All this and more fascinates me for the Creation account in Genesis 2 has God Himself getting his hands into the dirt, in time, on the ground to make things. Then we are tasked, after His exampling, to make things. It’s in the making that seeing is enhanced. It’s in the time taken and slowed down where relationships are better understood. It’s work, but strangely hope-filled.

Yet conversely, in what we call ‘real life’ we talk of “sound bites” and “visual grabs”, about “fake news” and “photo-shopped reality”. All the while we’re racing past what is real, missing the bigger things worth considering that will last all this.

I have been crafting. I’m working on a large oil on paper piece for a show. If I can get it where I want it, I’ll show it here first, maybe in the next post. I also have been crafting a small book. I pressed “approve” this morning, and soon this webpage will offer it for your consideration. The reason for the writing (and it’s taken 6 long years) is because the One who got His own hands into the dirt moved me to take the materials within my grasp of understanding and see if I could make something of it.

 

 

 

“but purple is important to me!”

Her face was darkened and remained that way for the hour or so that she hovered around me. Her shoulders were hunched, her mood dour, and she was only 11. It was pitiful, and yes, I felt sad for her. But it wasn’t too long before my empathy turned to impatience and then to decisiveness.

We were involving the kids, all 65 of them, at Rise Up!’s after school program. Having saved out an area where they could put their mark on the mural, we were cycling the kids through one by one. This 11 year old angrily eyed everyone else getting their hands in the paint, while she argued with her teacher and then with me. Did she want to be involved? It was hard to know. Six pans of color from the mural palette were set out, but by the time this little friend agreed to get her hand dirty the purple and the red were decommissioned (artist’s prerogative for many kids kept choosing the darker colors).

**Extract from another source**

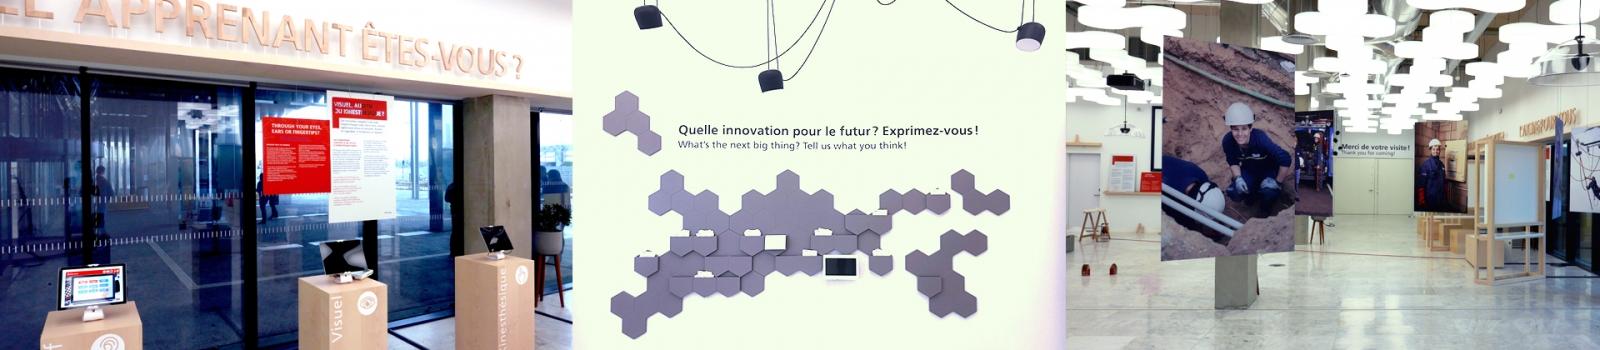 Showroom des innovations pédagogiques

This really set her off and she was now determined to tell me and everyone else what she had to have. We worked with her, we explained the color balance, we coached her not to miss her opportunity, and finally we were done. 64 hands are on the mural now, but one is missing.

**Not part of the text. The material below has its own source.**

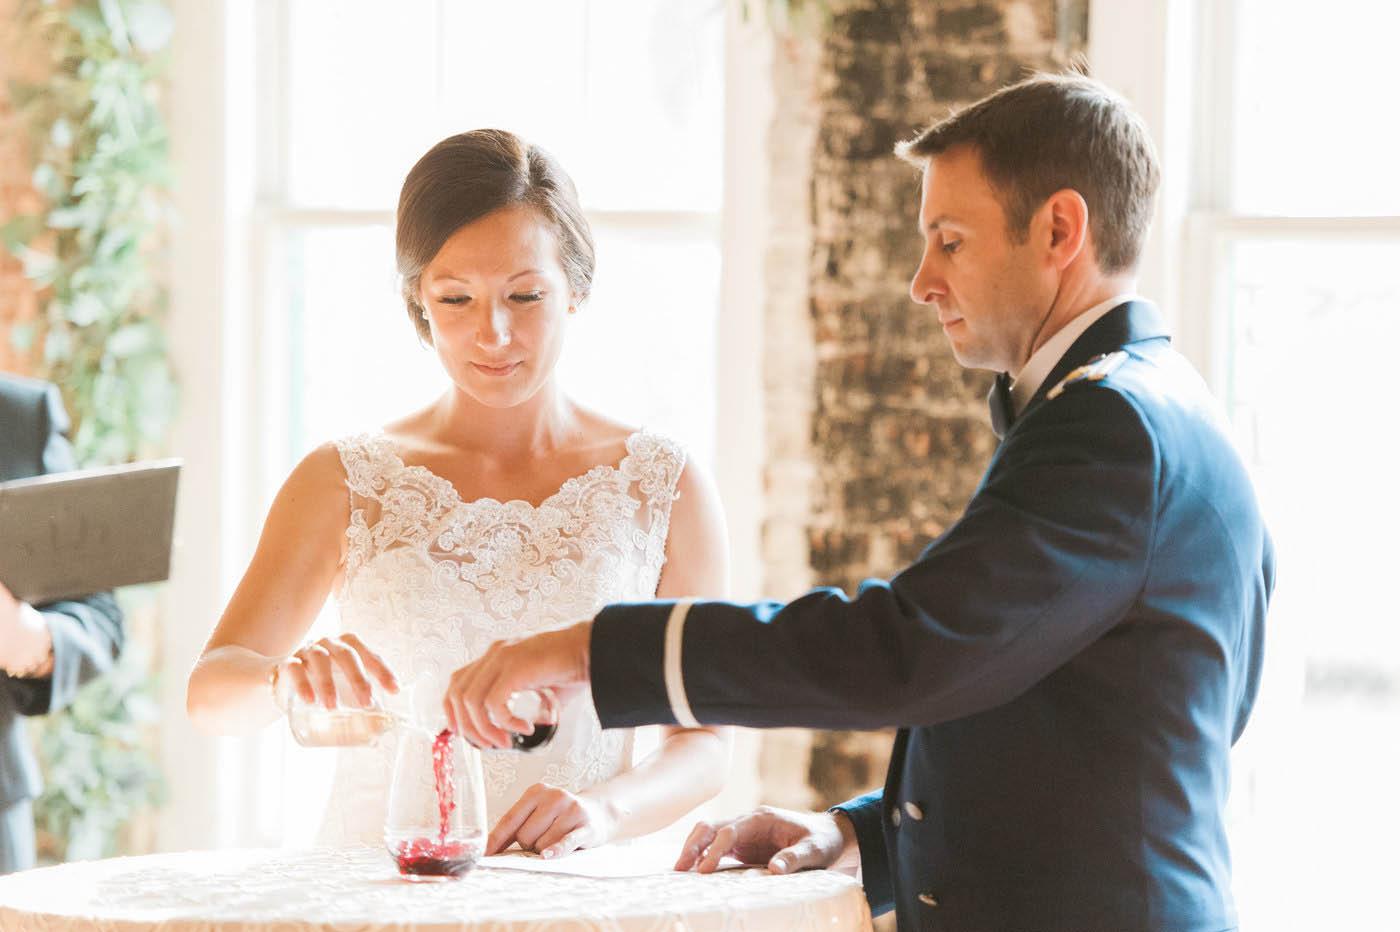 Wine uniting ceremony at wedding

Later that evening I reviewed the afternoon’s project “did I handle that well enough?” “Could we have better helped her be involved?” “What was more important: color balance or wise coaching of an angry child, or a life lesson that may or may not have been going on there?” What struck me as I weighed this was that one resistant child took more emotional energy than all the other 64 kids combined! She was determined not to budge, and she wanted us to know it. We did.

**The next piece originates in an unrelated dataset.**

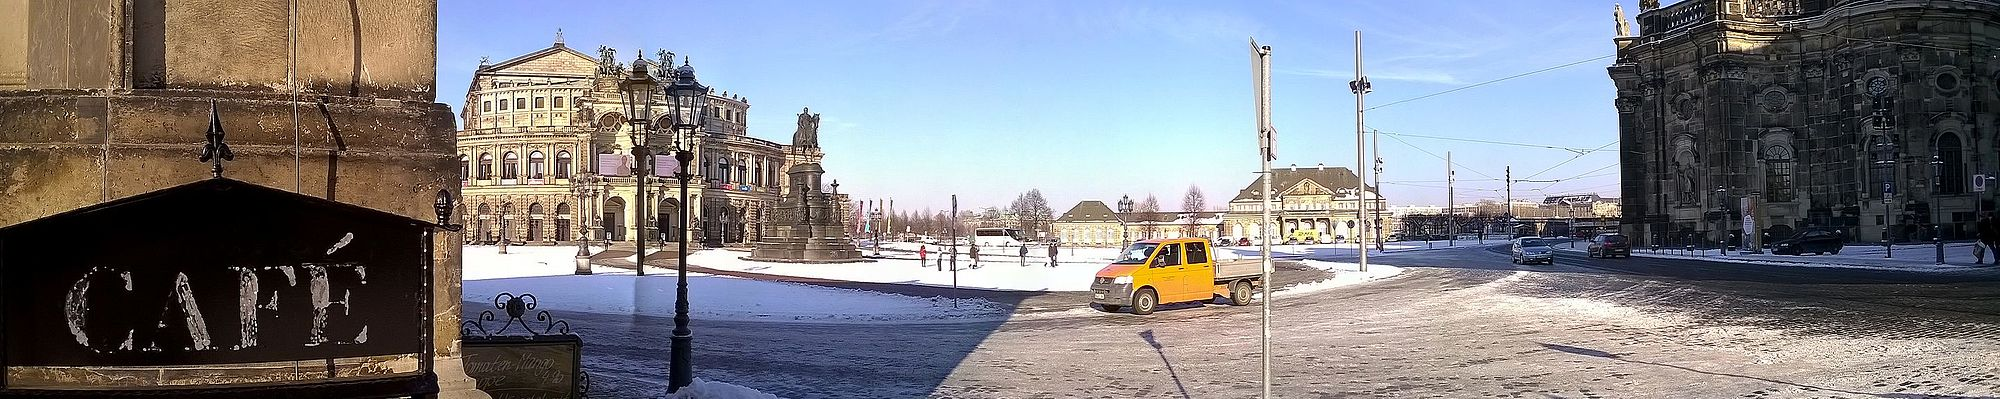 Die Semperoper in Dresden Winter Panorama Image 0001 Lupus in Saxonia

Adamantly, she took her stand “but purple is important to me!” even though she was repeatedly coached that the purple was no longer an option. When I think of stubbornness and insistence, I will think of this little girl’s will. She just could not soften. The time was up, the plates of remaining color were scooped into the trash, and she was surprised to see that her opportunity was really over.

That’s the part that makes me most sad. Things end.

“eat like you mean it”

I didn’t stop on the highway to photograph the strange burger-joint billboard, just thought about it for the next, oh- maybe, 30 miles. There was the standard burger, and then the exhortation to “eat like you mean it.”

“What does it mean to eat like I don’t mean it?”

I rolled this around in my head at 65 mph. Can someone actually sit before a meal and not “mean it”? Maybe that’s true. Maybe you can just absently take something into your body and not be attentive or even care. That’s called “going through the motions” and yes, I’ve probably done that tons of times.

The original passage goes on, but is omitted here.